Люди, более всего чувствительные к тому факту, что мы живем в мире «постистины», склонны полагать, что реальность фундаментально отличается от того, что о ней думает большинство. Это относится к обеим сторонам современного водораздела «постистины», то есть к элитарным экспертам и популистским демагогам. Обе эти позиции определяются платоновским мировоззрением, которое Никколо Макиавелли успешно демократизировал в период Ренессанса. Затем оно было модернизировано для капиталистического мира политэкономистом Вильфредо Парето (1848–1923), одним из забытых отцов-основателей социологии, в работах которого черпал вдохновение Бенито Муссолини. В годы моей молодости Парето все еще называли «Марксом правящего класса», что объяснялось уважительным отношением к нему со стороны таких либералов времен холодной войны, как Толкотт Парсонс и Раймон Арон [Parsons, 1937, ch. 5–7; Aron, 1967, ch. 2; Арон, 1992, c. 403–487]. Если и есть человек, заслуживающий звания небесного покровителя постистины, то это Парето.

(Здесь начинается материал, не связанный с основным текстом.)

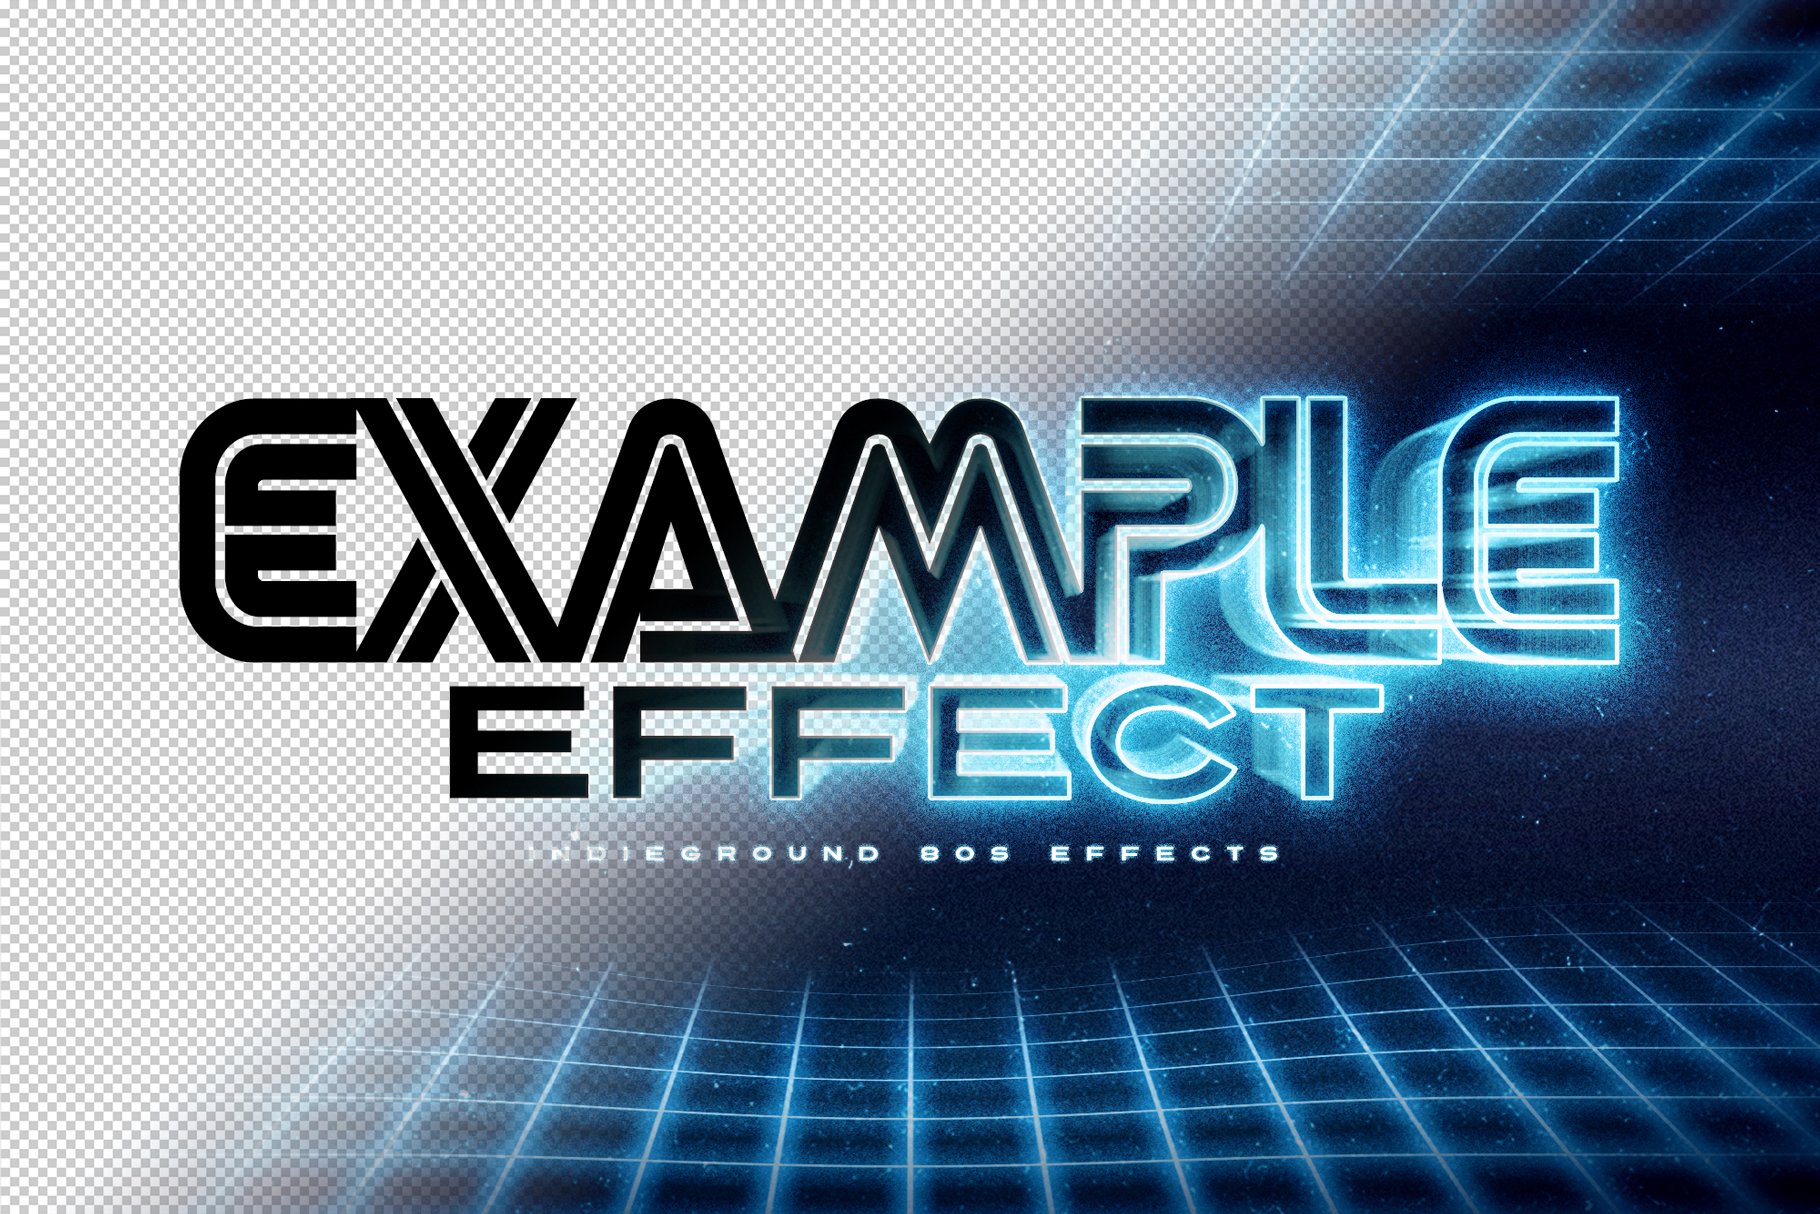 cm 80stexteffects example 835

С его точки зрения, социальный порядок является результатом взаимодействия элит двух типов, которых он называл, следуя в этом за Макиавелли, львами и лисами. Оба вида торгуют постистиной. Львы рассматривают общепринятое в статус-кво понимание прошлого в качестве надежного основания будущего, тогда как лисы считают, что статус-кво поддерживает порочное понимание прошлого, которое мешает достижению лучшего будущего. История, таким образом, заключается в непрерывном обороте двух этих темпоральных ориентаций: «индуктивной» и «контриндуктивной», как сказали бы эпистемологи.
Приведенное Оксфордским словарем английского языка определение постистины выражает истину льва, который пытается задать максимальную моральную и эпистемическую дистанцию от любой эрзац-истины, которой может приторговывать лиса. Именно она, но не лев изображается в качестве того, кто искажает факты и обращается к эмоциям. Однако истина льва лисе представляется слишком уж прямолинейной и тяжеловесной, немногим более чем заявкой на неотчуждаемое право, часто предъявляемой в приступе праведного гнева. Таким образом, стратегия лисы – минимизировать моральную и эпистемическую дистанцию между своей собственной позицией и позицией оппонента-льва, обычно за счет изобличения неисполненных обещаний и статусного лицемерия последнего.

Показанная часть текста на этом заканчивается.